Charles H. Hunter (May 16, 1876 – January 23, 1906) was an American composer of ragtime music.
==Early life and education==
Charles Hunter was born in Columbia, Tennessee, and at birth was almost totally blind. He was the son of Jordan M. Hunter and Fannie F. Hackney. His father was a musician in the 6th Cavalry of the Confederate army during the American Civil War. Hunter attended the School for the Blind in Nashville, Tennessee, where he learned the piano tuner's trade. He went to work at the Jesse French Piano Company in Nashville.

==Career==
Absorbing the folk strains of Nashville, Hunter published his first rag, "Tickled to Death", in 1899, which became a hit. This was followed in 1900 by "A Tennessee Tantilizer," and in 1901 by "Possum and Taters," "Cotton Bolls," and "Queen of Love."

In 1902 he transferred to Jesse French's St.

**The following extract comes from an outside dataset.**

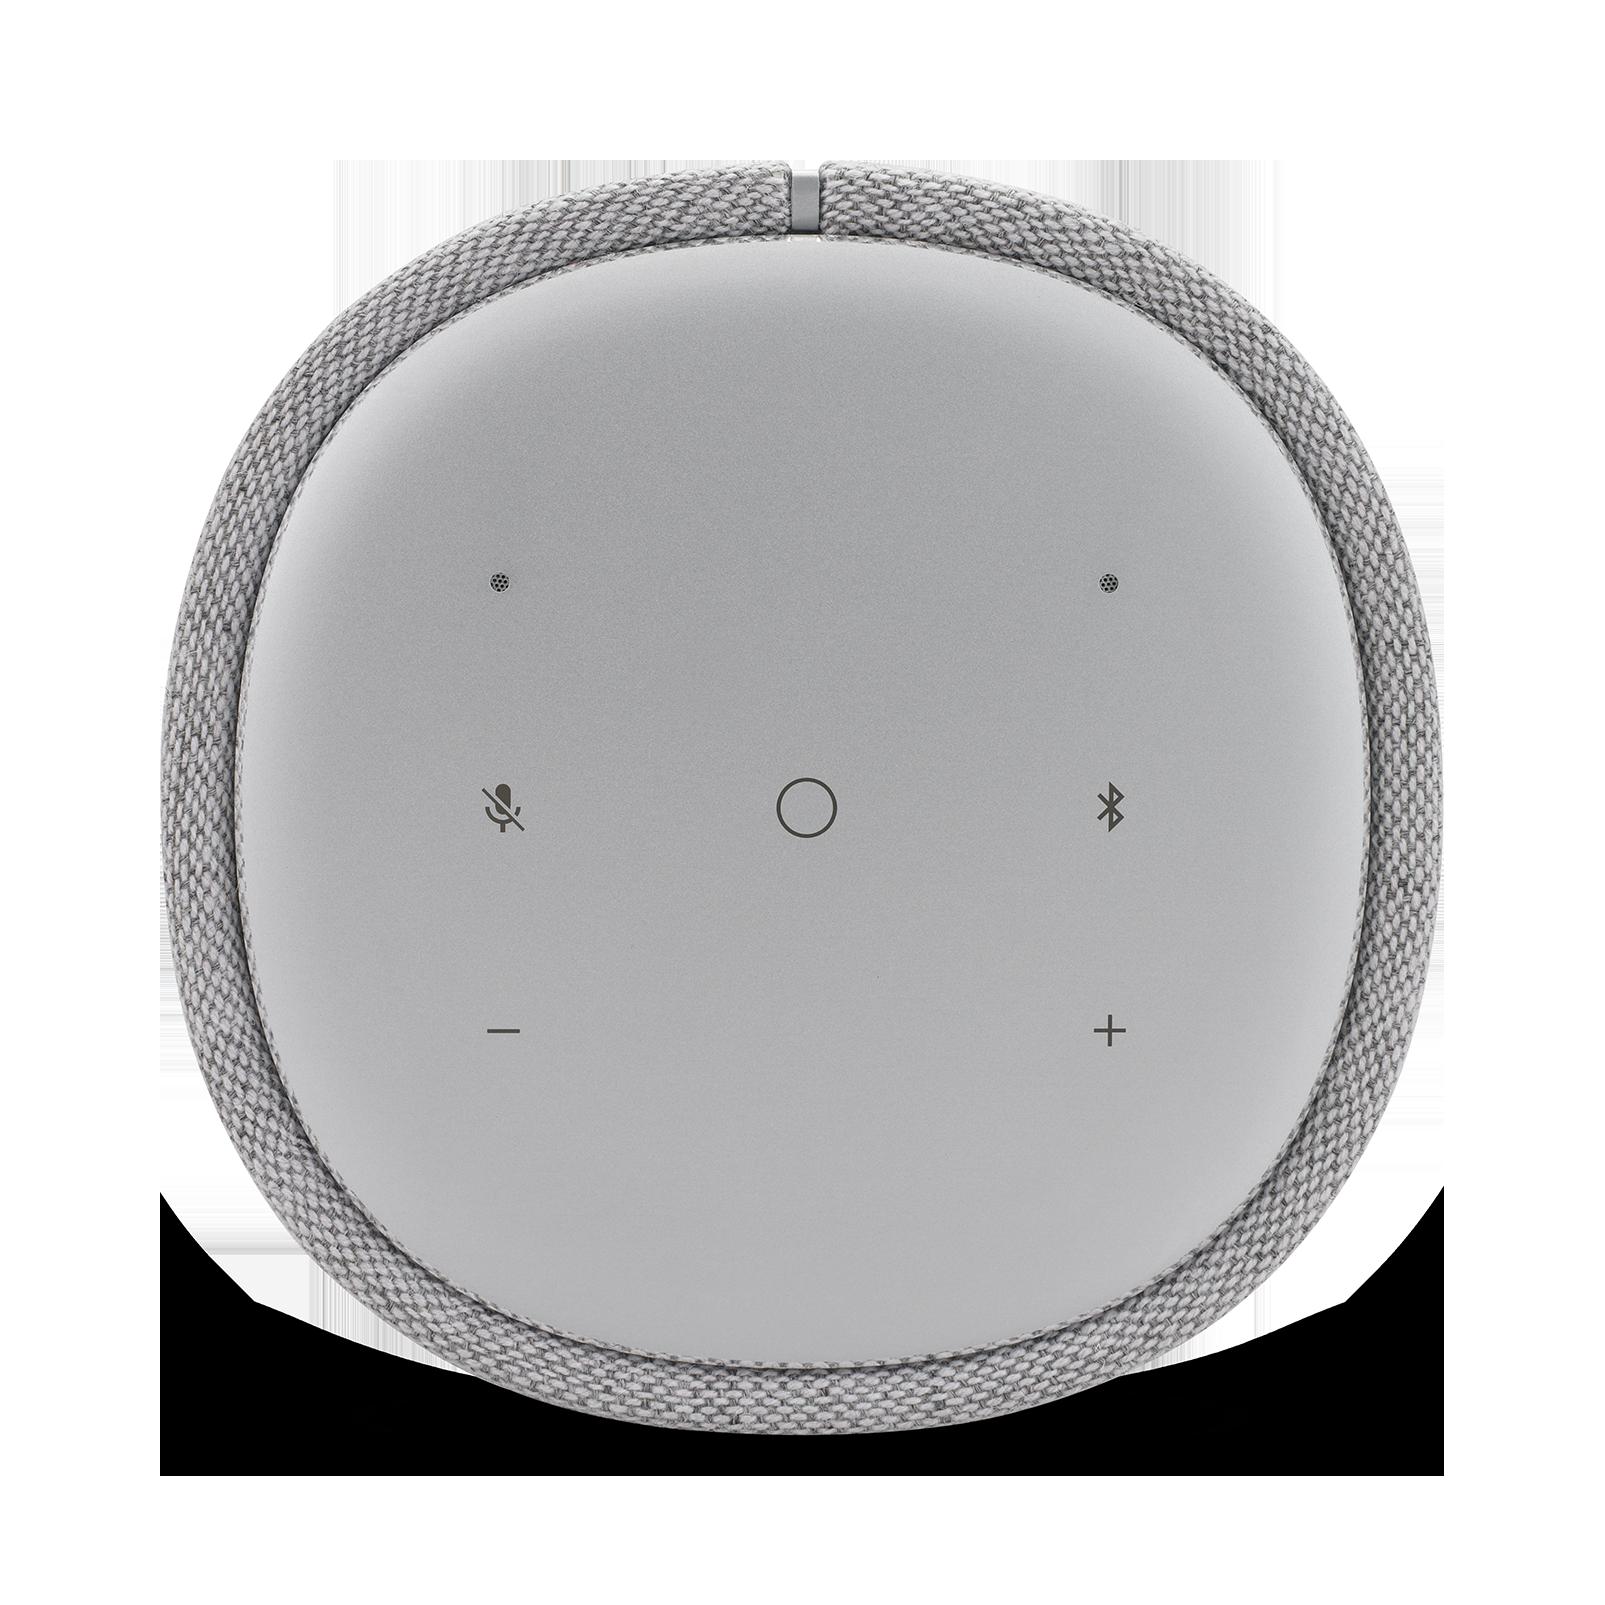 Harman Kardon Citation ONE - Grey - Compact, smart and amazing sound - Detailshot 3
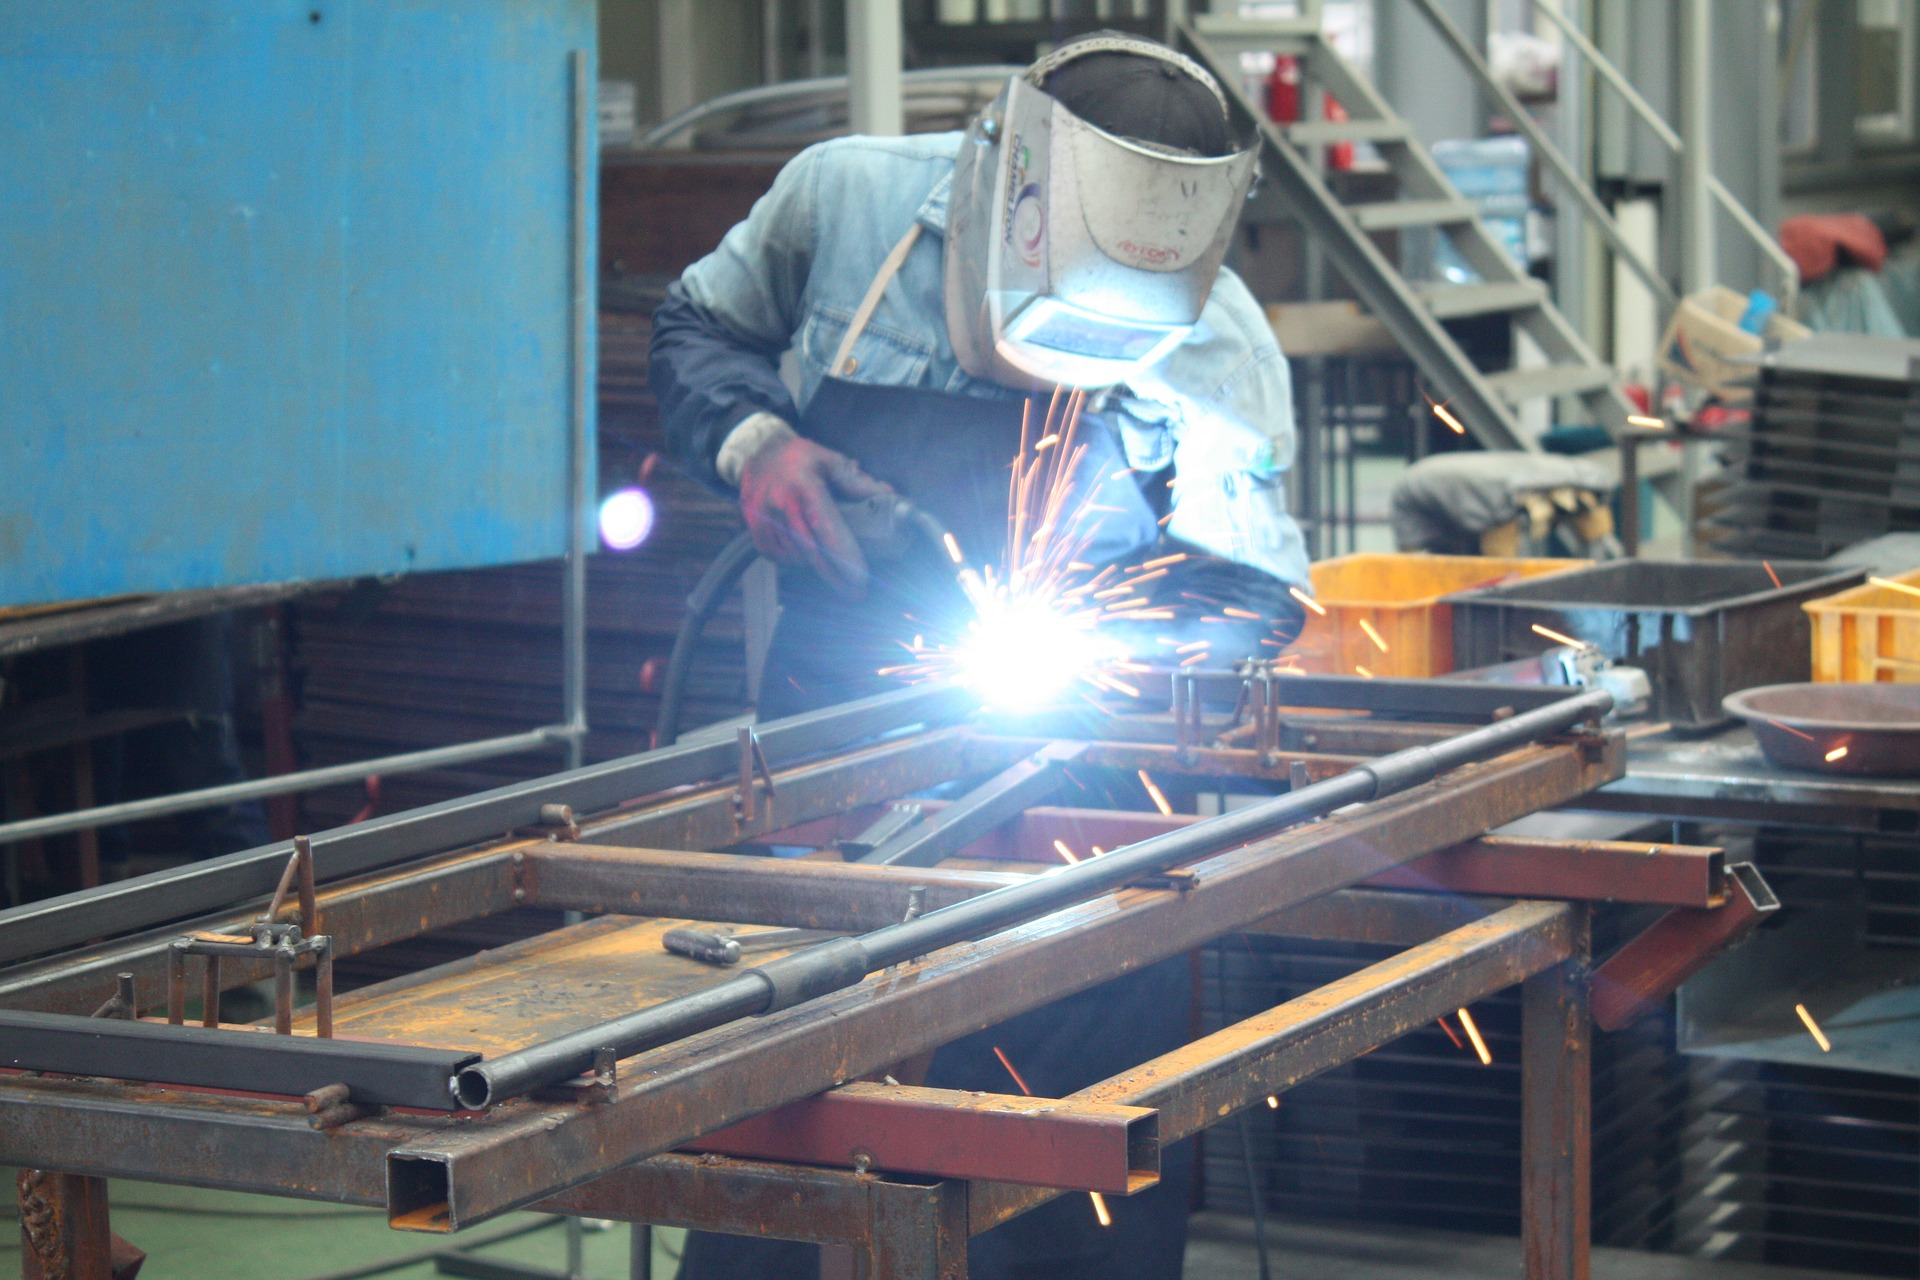 Actividad económica creció 1% en septiembre: Inegi

Louis store. "Just Ask Me" was published that year, and "Why We Smile" the next.

Hunter's health and career deteriorated as he partook of the St. Louis night life, and it was not until late in 1905 that he published his final rag, "Back to Life," so named to celebrate his return to health. It was a short-lived recovery; he died of tuberculosis not long afterwards. According to his funeral notice in the Columbia Herald, he left a young wife. He died on January 23, 1906, just six weeks after his marriage.